Thought I'd share some pics of my bee truck in action.




http://s221.photobucket.com/albums/dd147/pollinator3765/bee truck pics/


----------



## bluegrass (Aug 30, 2006)

Nice truck, is it a 3500 HD? What kind of fuel mileage are you getting loaded like that? Are you stacking those supers all by hand?


----------



## Gregg (Dec 22, 2003)

Yes, GMC 3500 diesel. Mileage varies a lot depending on load, 15+ mpg on highway empty (which doesn't happen very much), anywhere from 11 - 13 mpg when loaded, depending on load. And yes, loaded those 400 supers by hand (with help of 13 year old daughter), rest are on pallets so will be loading most of them with the Bobcat.


----------



## allrawpaul (Jun 7, 2004)

Nice loading Job! How many full supers can you carry? How many hives can you carry at one time?


----------



## Gregg (Dec 22, 2003)

I generally will only haul 180 supers when taking honey off with this truck (6 pallets, 6 stacks per pallet, and going 5 supers high). Prior to this truck I had a '92 GMC 1 ton, and wouldn't hesitate to haul 216 supers with it, the GVW for it was a bit more than this new one.

Haul 64 hives at a time (my hives are 1 & 1/2 story, deep + 6 5/8" medium; could also haul 64 double deeps and have also hauled 128 singles).

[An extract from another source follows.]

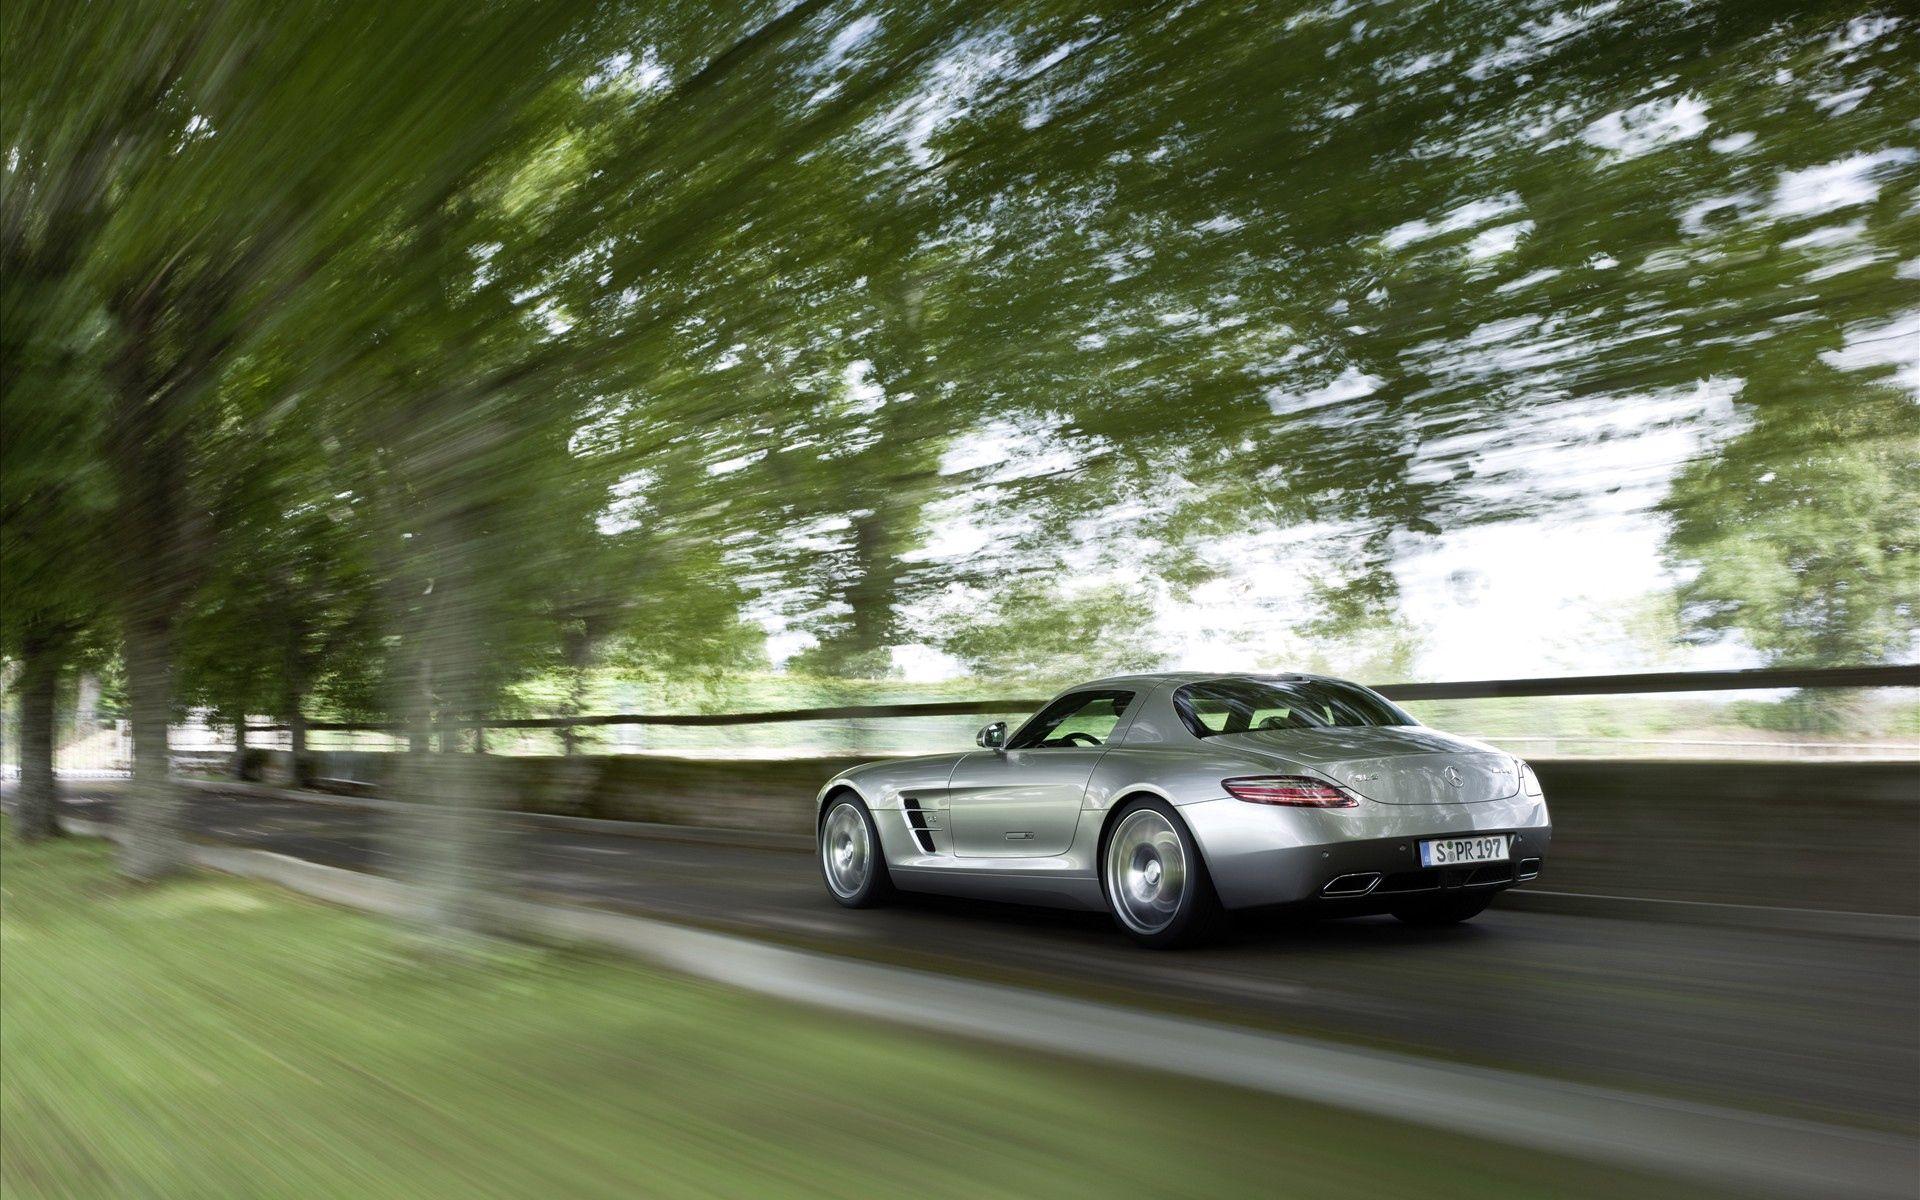 87240 скачать обои Мерседес (Mercedes), Тачки (Cars), Скорость, Amg, Mercedes, Размытый, Sls, Ускорение - заставки и картинки бесплатно
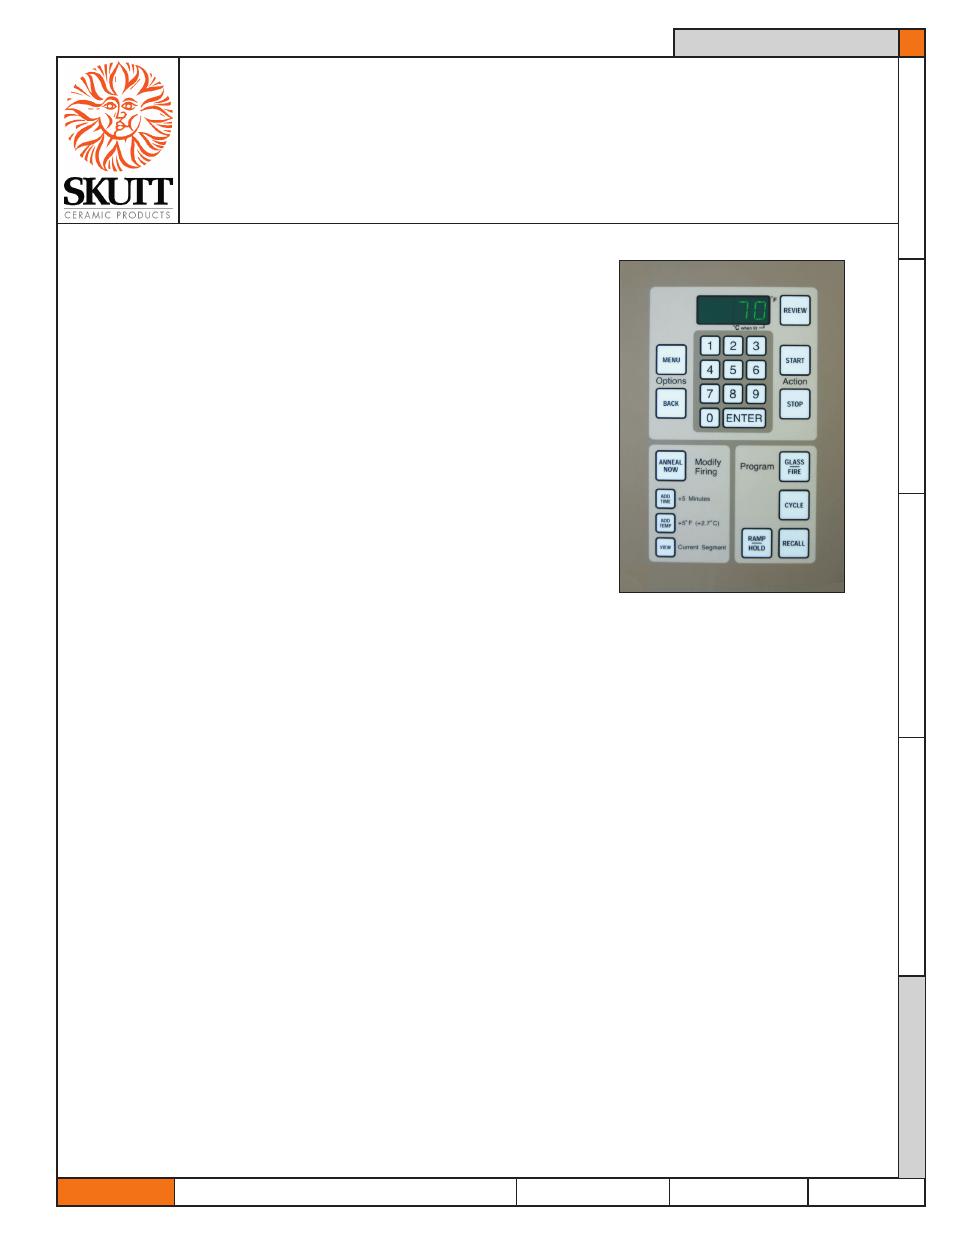 medium resolution of skutt glassmaster 700 board user manual 17 pagesglassmaster wiring diagram 9

Whew, done with the first round of supering. Put on about 975 supers over the weekend. Had some help (for a little while anyway) from the 13 year old daughter until a bee got in her veil and she got stung in the eye (eye is still swollen shut). She got scared and tore her veil off, which as you can imagine, didn't make matters any better.


----------



## sqkcrk (Dec 10, 2005)

Gregg, it's nice to see someone who still uses ropes instaed of straps. It takes me back.


----------



## Gregg (Dec 22, 2003)

Mark, actually used both ropes and straps for the big load of supers. Have straps that go from back to front. Don't use them a lot, generally just go across with ropes, but those straps from back to front are nice sometimes. I do use straps (yellow ones in the pictures) on the totes and used them to go over the pallets on the way back from CA.


----------